As expected, an increase was observed in the number of significantly regulated phosphorylation sites and proteins over the infection time course, with the majority of regulation occurring at the level of phosphorylation (Figures 1E and 1F) as opposed to protein abundance (Figures 1G and 1H). Of the few proteins that significantly increased in abundance upon infection, the vast majority were SARS-CoV-2 viral proteins (Figure 1H). In contrast, the majority of host proteins decreased in abundance. This finding is consistent with mechanisms of host mRNA nuclear export and/or host mRNA translation inhibition, which are common in viral infections (Kuss et al., 2013; Walsh and Mohr 2011). Gene Ontology enrichment analysis of significantly downregulated proteins revealed several terms related to platelet regulation (Figures 1I and S1F). Several downregulated host proteins are known to be involved in platelet regulation, thrombosis, and prevention of blood coagulation, including APOH, CD9, TSPAN14, AHSG, SERPINA1, and A2M (Mather et al., 2016; Mangin et al., 2009; Taggart et al., 2000). The downregulation of these proteins suggests that they may mechanistically contribute to symptoms of blood coagulation and stroke in COVID-19 patients (Han et al., 2020).

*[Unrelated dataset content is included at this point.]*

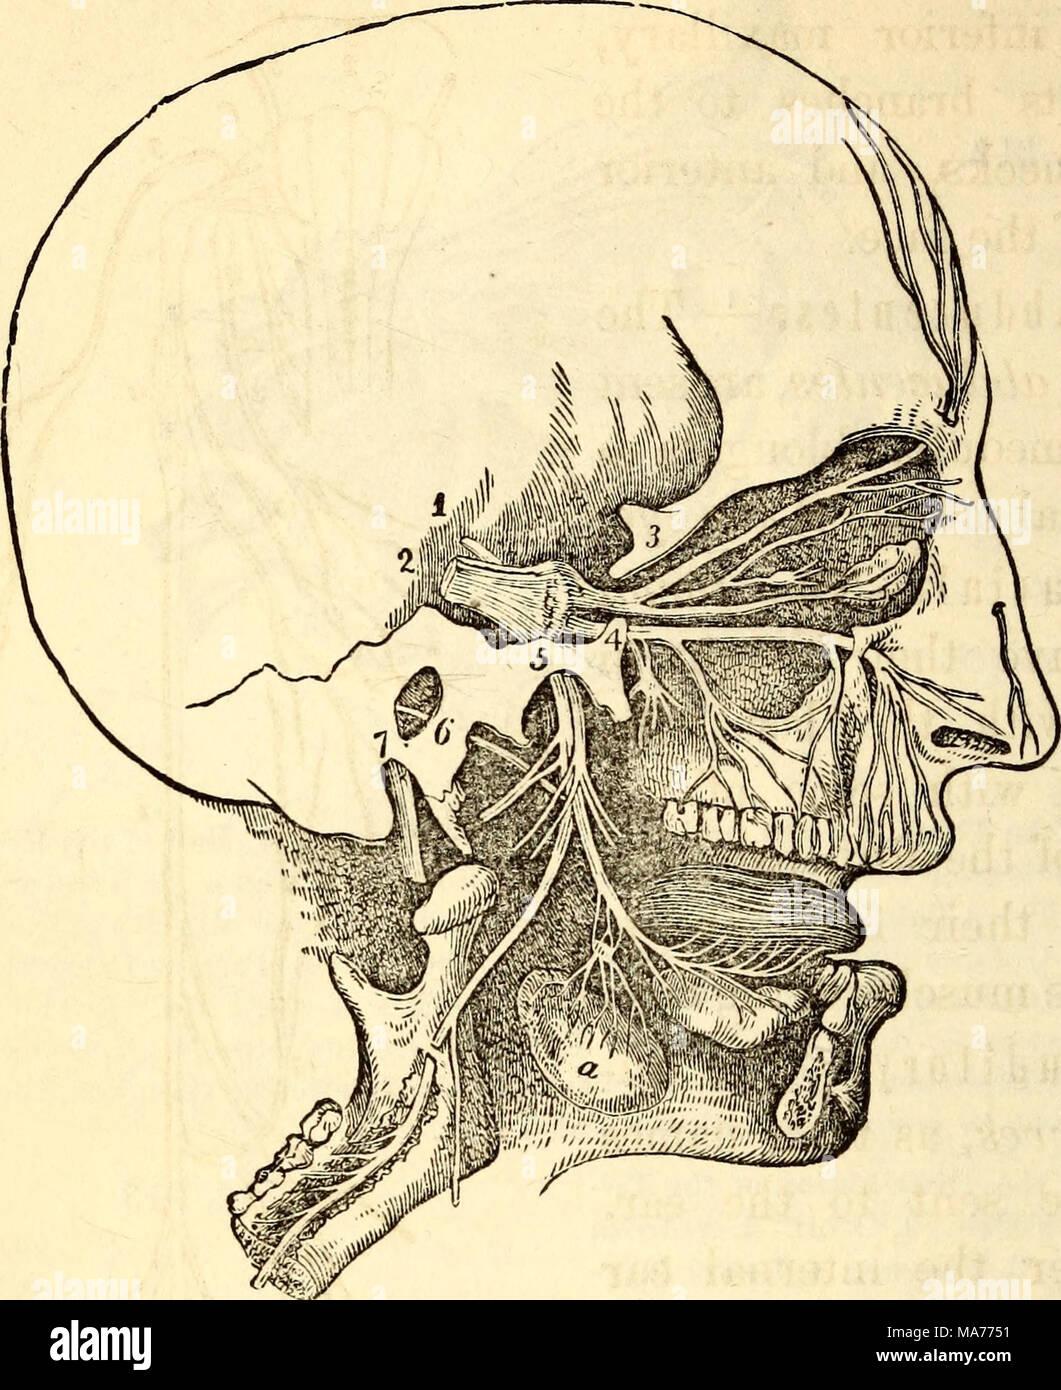 Wunderbar Anatomie Und Physiologie I Fotos - Menschliche Anatomie ...

Lastly, the contribution of protein abundance to phosphorylation level changes was evaluated. For nearly all cases of a significantly changed phosphorylation site, no corresponding significant change in protein abundance was observed (Figure 1J), further suggesting that phosphorylation signaling represents a primary host response over this time course of infection as opposed to transcriptional regulation, which would influence protein abundance.